When I regain consciousness, Ashikari and Salzberg are wheeling my bed somewhere, I think, and it seems important to try to tell them I’ve appreciated how nice they’ve been about this whole thing, how their offices had been just like spas. But I’m coming out of anesthesia, and probably incoherent. When I wake again, I feel like Frankenstein’s monster, coming to life—everything seems dim and creaky, and I’m hooked to machines that beep. I can’t breathe, so I call the nurse over and she allows me a puff of my asthma medication. My lungs seem made of turgid rubber, difficult to expand. She tests the oxygen level in my blood; it’s fine. Probably just the pressure from the new implants, she says.
In my hospital room, George and my parents meet me. The men spent the morning making chicken soup with rice in the hotel kitchenette and have stashed a supply down the hall so I don’t have to eat the hospital food. I imagine the awkward trip to the grocery store, the friendly kitchen bickering over how to do it right, shot through with the tension of waiting for a loved one to come out of surgery. It tastes clean and fresh. George doesn’t want to go back to the hotel with my parents; he sleeps in a cot in my room both nights, leaving only for meals while I’m passed out.
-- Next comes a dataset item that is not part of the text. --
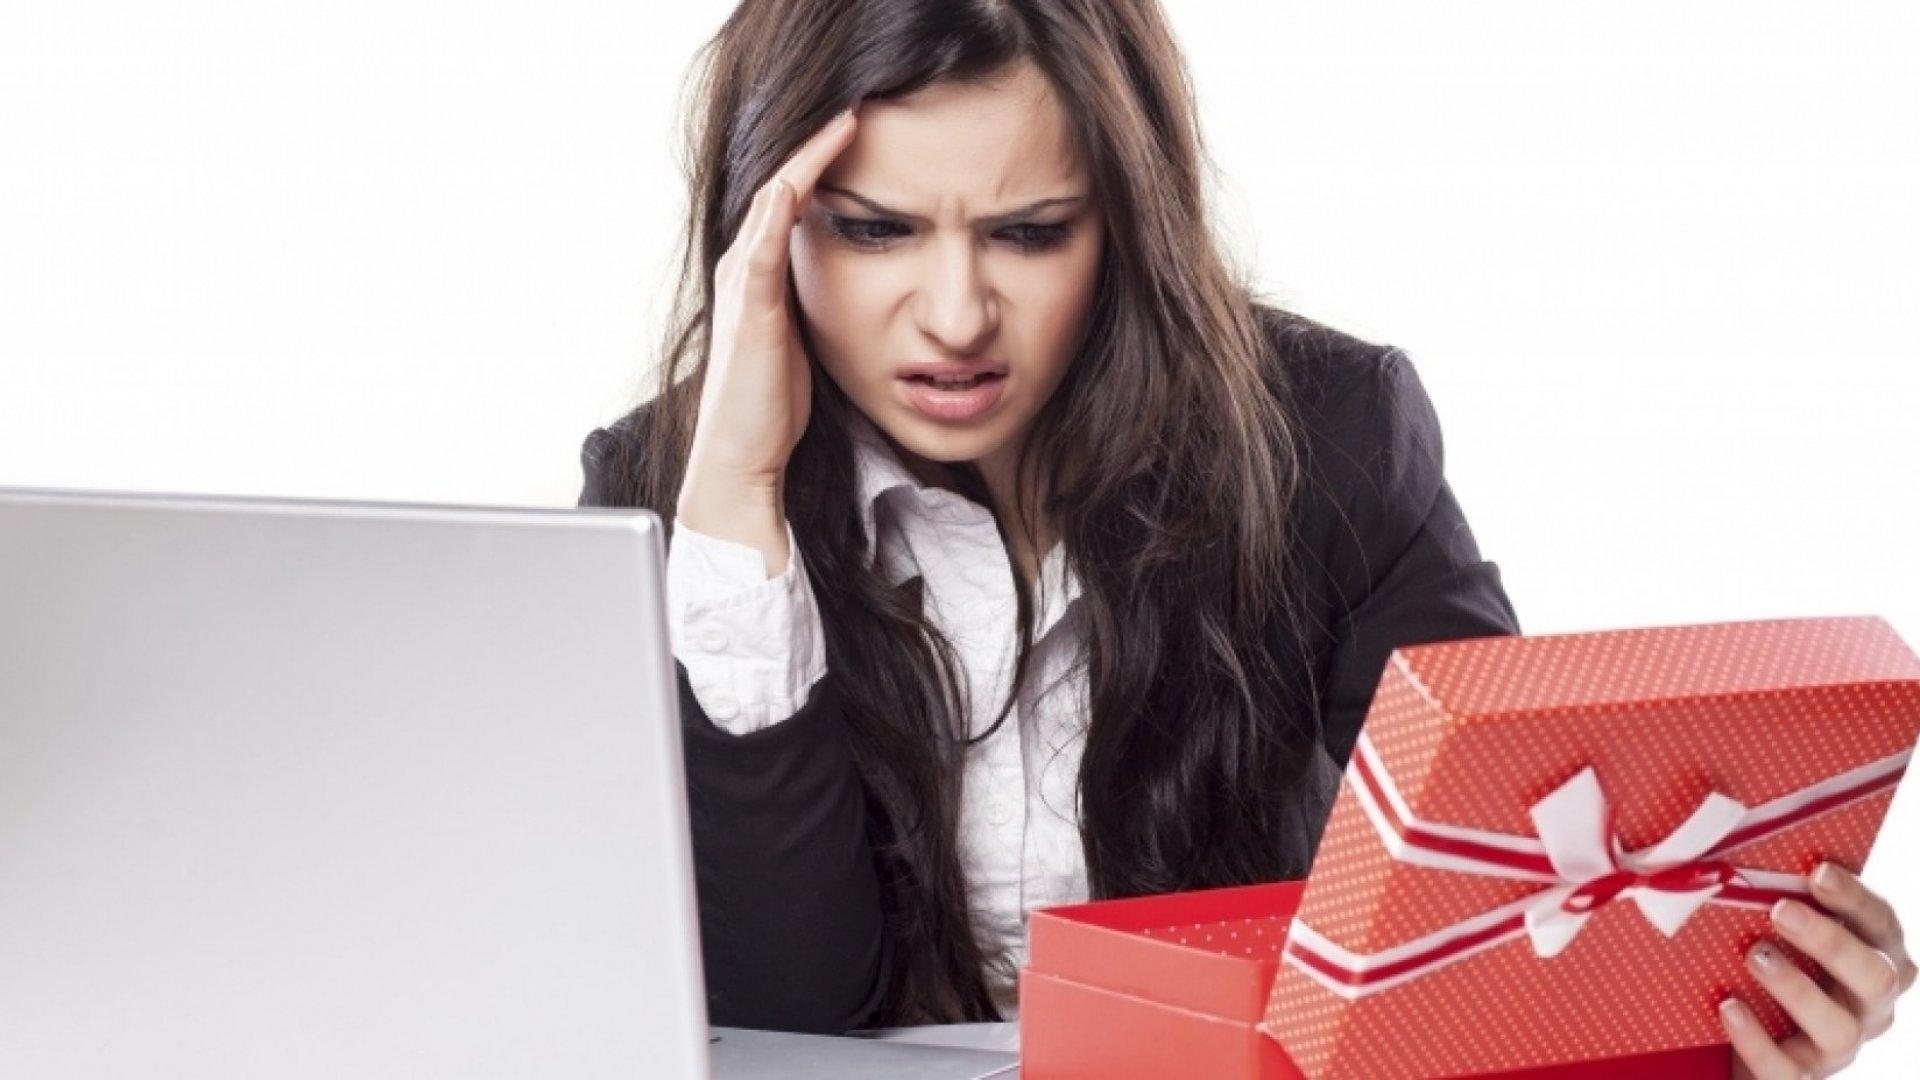 3 Reasons Why One Company's $70,000 Minimum Wage Hurt Everyone Who Got it

The next day, I shuffle around the floor with my IV and my family, and a nicely dressed woman comes to our room. She’s in her early fifties and thinks I’m here because I have cancer. We don’t know how to tell her that I don’t. She tells us about her own experience with cancer and leaves some pamphlets. In bed, I feel like I’m dying—doped up on painkillers and exhausted from the surgery and anesthesia—and all I want is for her to leave so I don’t have to act polite. She is from the Reach to Recovery program that my grandmother took part in a decade or two after its inception in 1952. Survivors marched into hospitals and connected with current cancer patients without doctors present—a radical move at the time. Later, I will complain about this woman, foisting her own cancer story on me at a vulnerable moment. My mother, whose ordeal has been different, will say, I don’t know, Lizzie. When you feel so horrible in the hospital, when you’ve had chemo, I think it can be pretty transformative to see a nicely dressed woman who has been through the same thing and know that you can make it through.